About the Art
Visitors to The Ohio State University may well mistake This Artwork by Mary Miss for a scarlet-and-gray architectural façade appended to Evans Laboratory, the 1960s-era academic building adjoining it to the west. Its sleek construction shares many of the materials and forms of more recent additions to campus architecture, and the resemblance is intentional.
Miss has made a career by questioning the boundaries between architecture and sculpture. The goal of This Artwork and others in her extensive corpus is to encourage viewers to “decode” their environment, giving more attention to the buildings that shape the movement of their bodies. In this case, viewers are also invited to participate in the environment’s reconfiguration. The work’s somewhat imposing façade belies a surprisingly flexible space in which interior panels can be rearranged to suit different kinds of use. The exterior metal panels can slide left or right, creating more open or enclosed spaces, while the black slate panels inside serve as chalkboards, like those within the nearby classrooms of Evans Lab. Over the years, hundreds, if not thousands, of people have availed themselves of the opportunity to leave their mark upon those surfaces.

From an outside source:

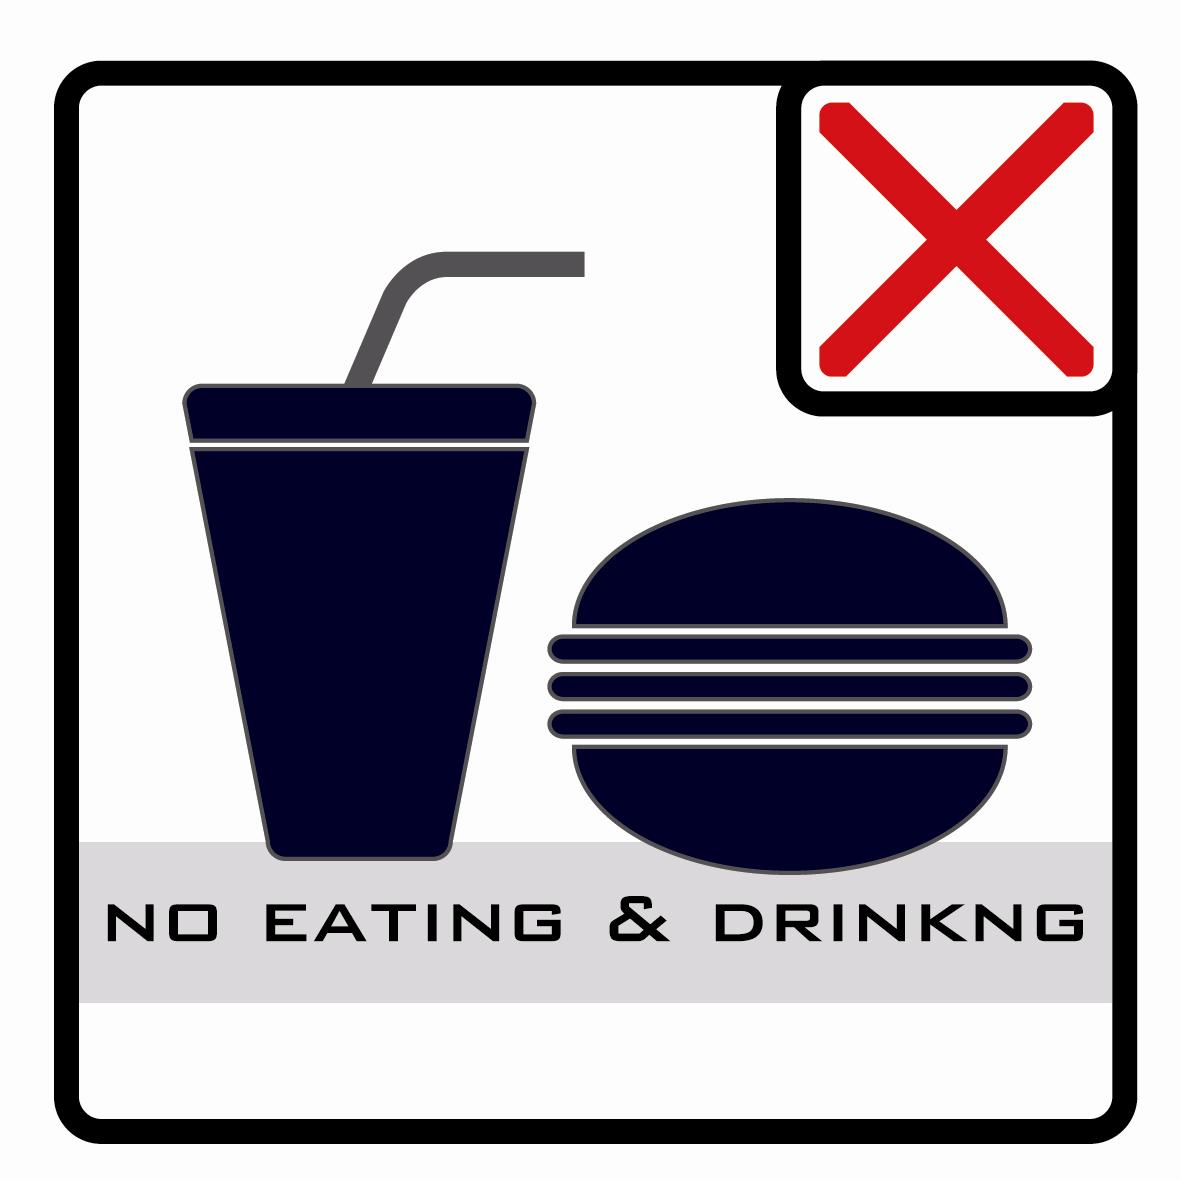 【icon】禁止飲食

Collection of The Ohio State University. Funded through the Ohio Percent for Art program.
Material
Mirrors, enamel panels, black chalkboards
Location
Outside of Evans Laboratory
About the Artist
Mary Miss is an American artist and designer who proved to be a pivotal figure in the feminist art movement of the 1970s, co-founding Heresies: A Feminist Publication on Art and Politics. She is also a key figure in environmental and site-specific art history, two genres not fully articulated until the late 20th century. Environmental art is an expansive category connecting artist and viewer to the landscape and natural materials. It encompasses both works that use earth as their material and art that addresses issues of ecology or environmentalism. Site-specific art is art created for a pre-selected place. The artist considers the intended location not only for the work’s final installation but also during its initial conception and design. Both categories are integral to Miss’s oeuvre, which intersects with landscape design, engineering and urban planning. Her work is made with a specific location in mind and is meant to bring our attention to that site — its landscape, buildings and inhabitants in new and interesting ways.